*** Begin section ***

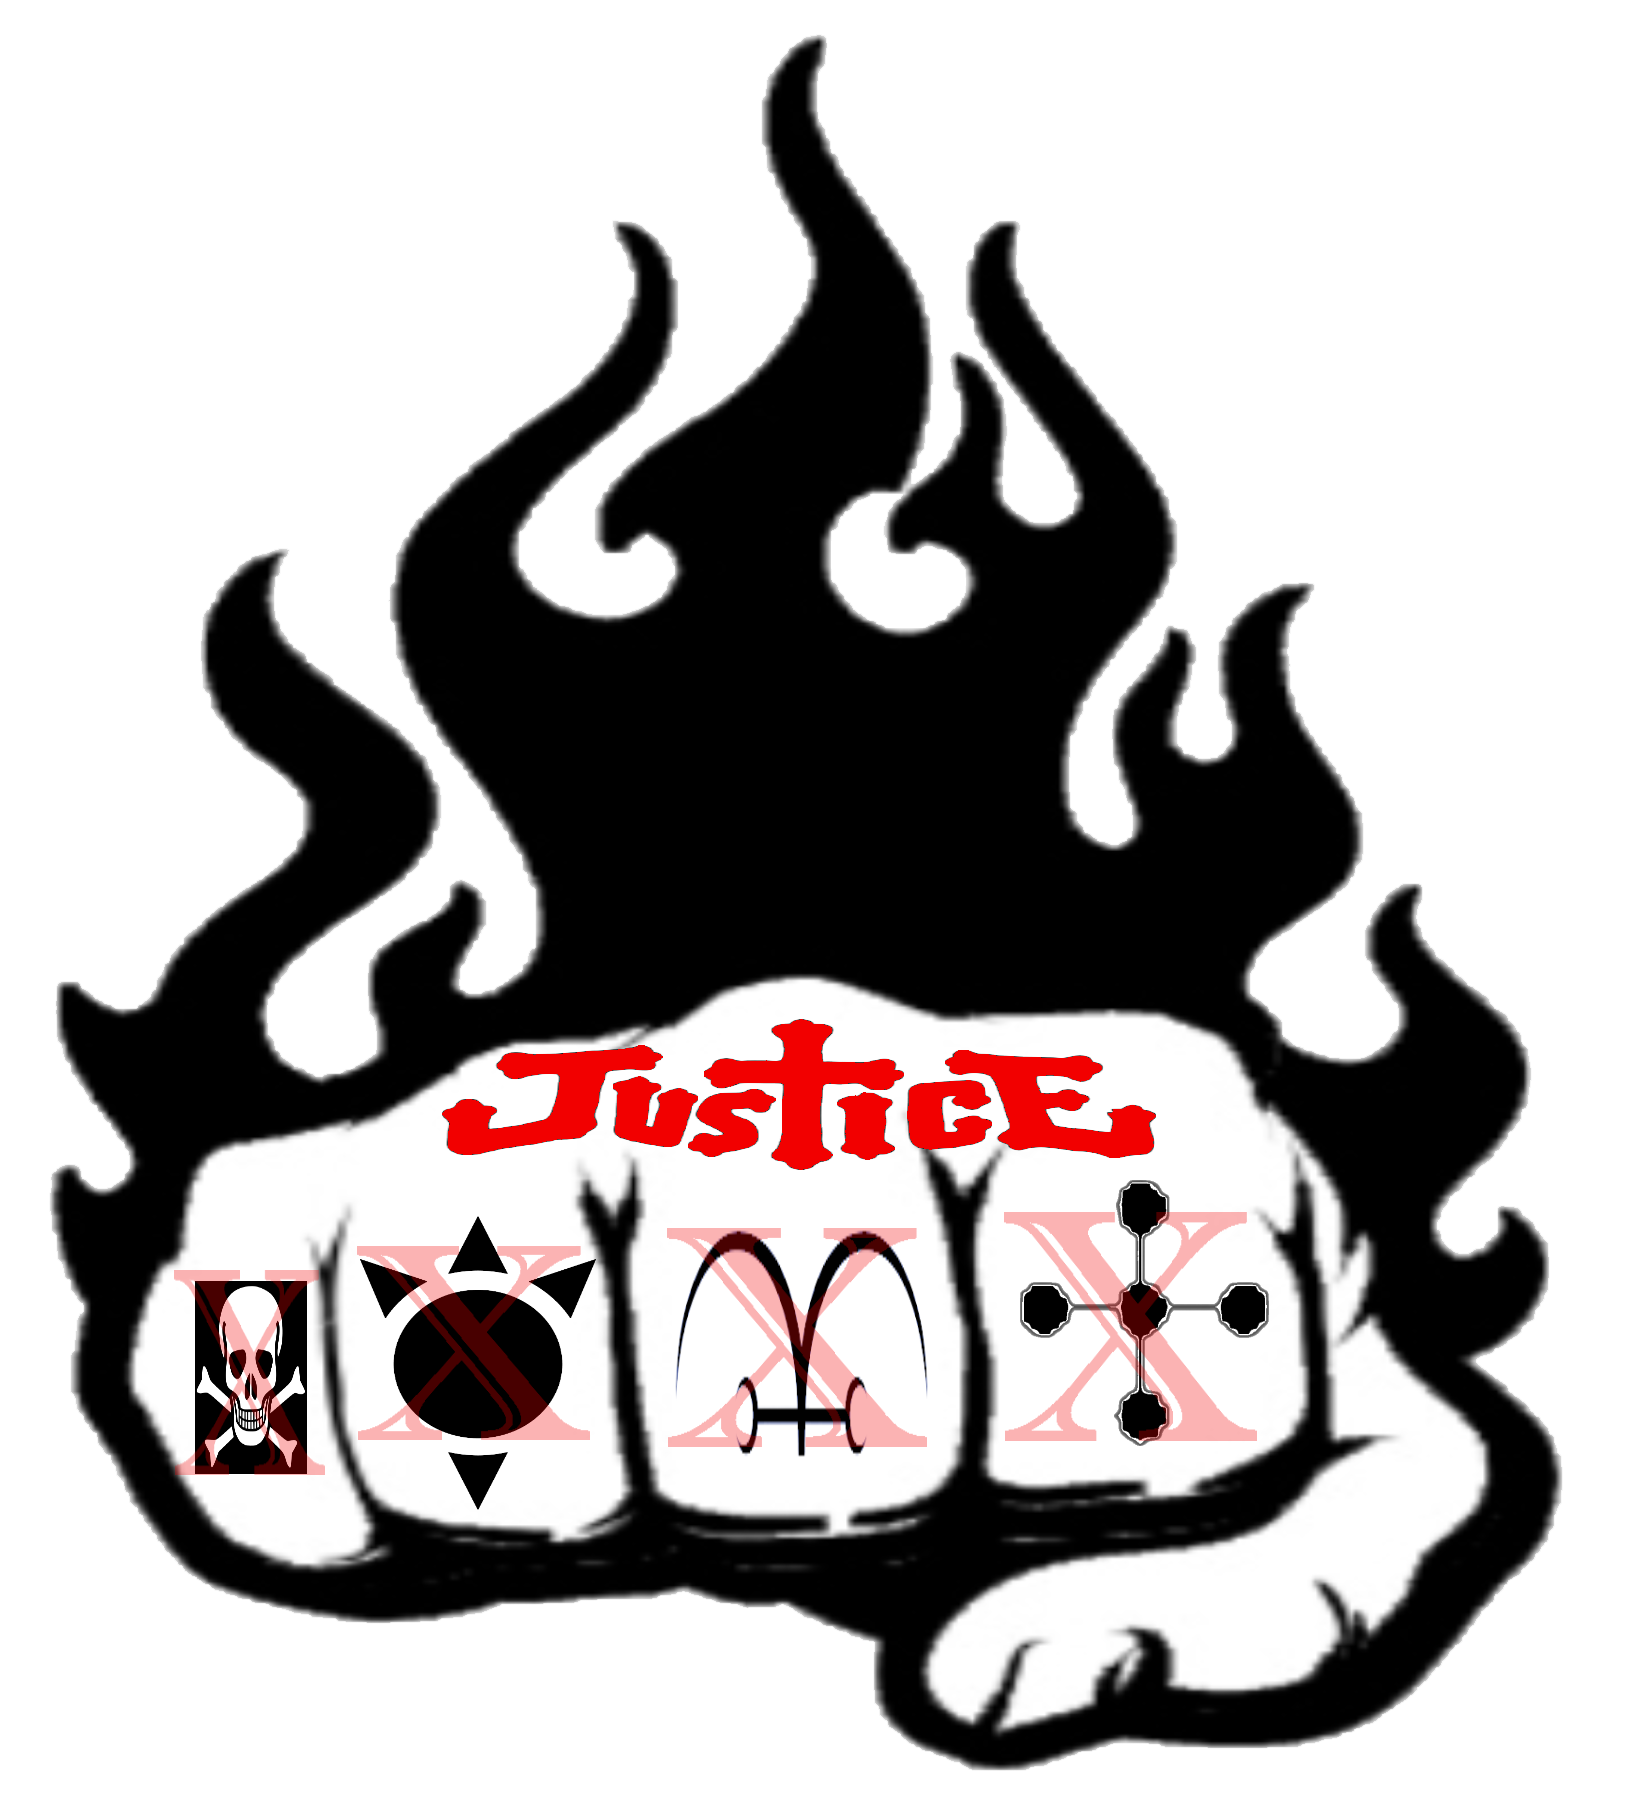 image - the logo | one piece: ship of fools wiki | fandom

*** End section ***
*** Begin section ***

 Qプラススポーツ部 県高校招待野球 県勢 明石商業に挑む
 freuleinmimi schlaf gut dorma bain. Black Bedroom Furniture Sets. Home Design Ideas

*** End section ***

Among the records above, only the lines between the line holding "Qプラススポーツ部 県高校招待野球 県勢 明石商業に挑む" and the line holding "freuleinmimi schlaf gut", inclusive, are to be output, exactly as written.

 Qプラススポーツ部 県高校招待野球 県勢 明石商業に挑む
 freuleinmimi schlaf gut dorma bain. Black Bedroom Furniture Sets. Home Design Ideas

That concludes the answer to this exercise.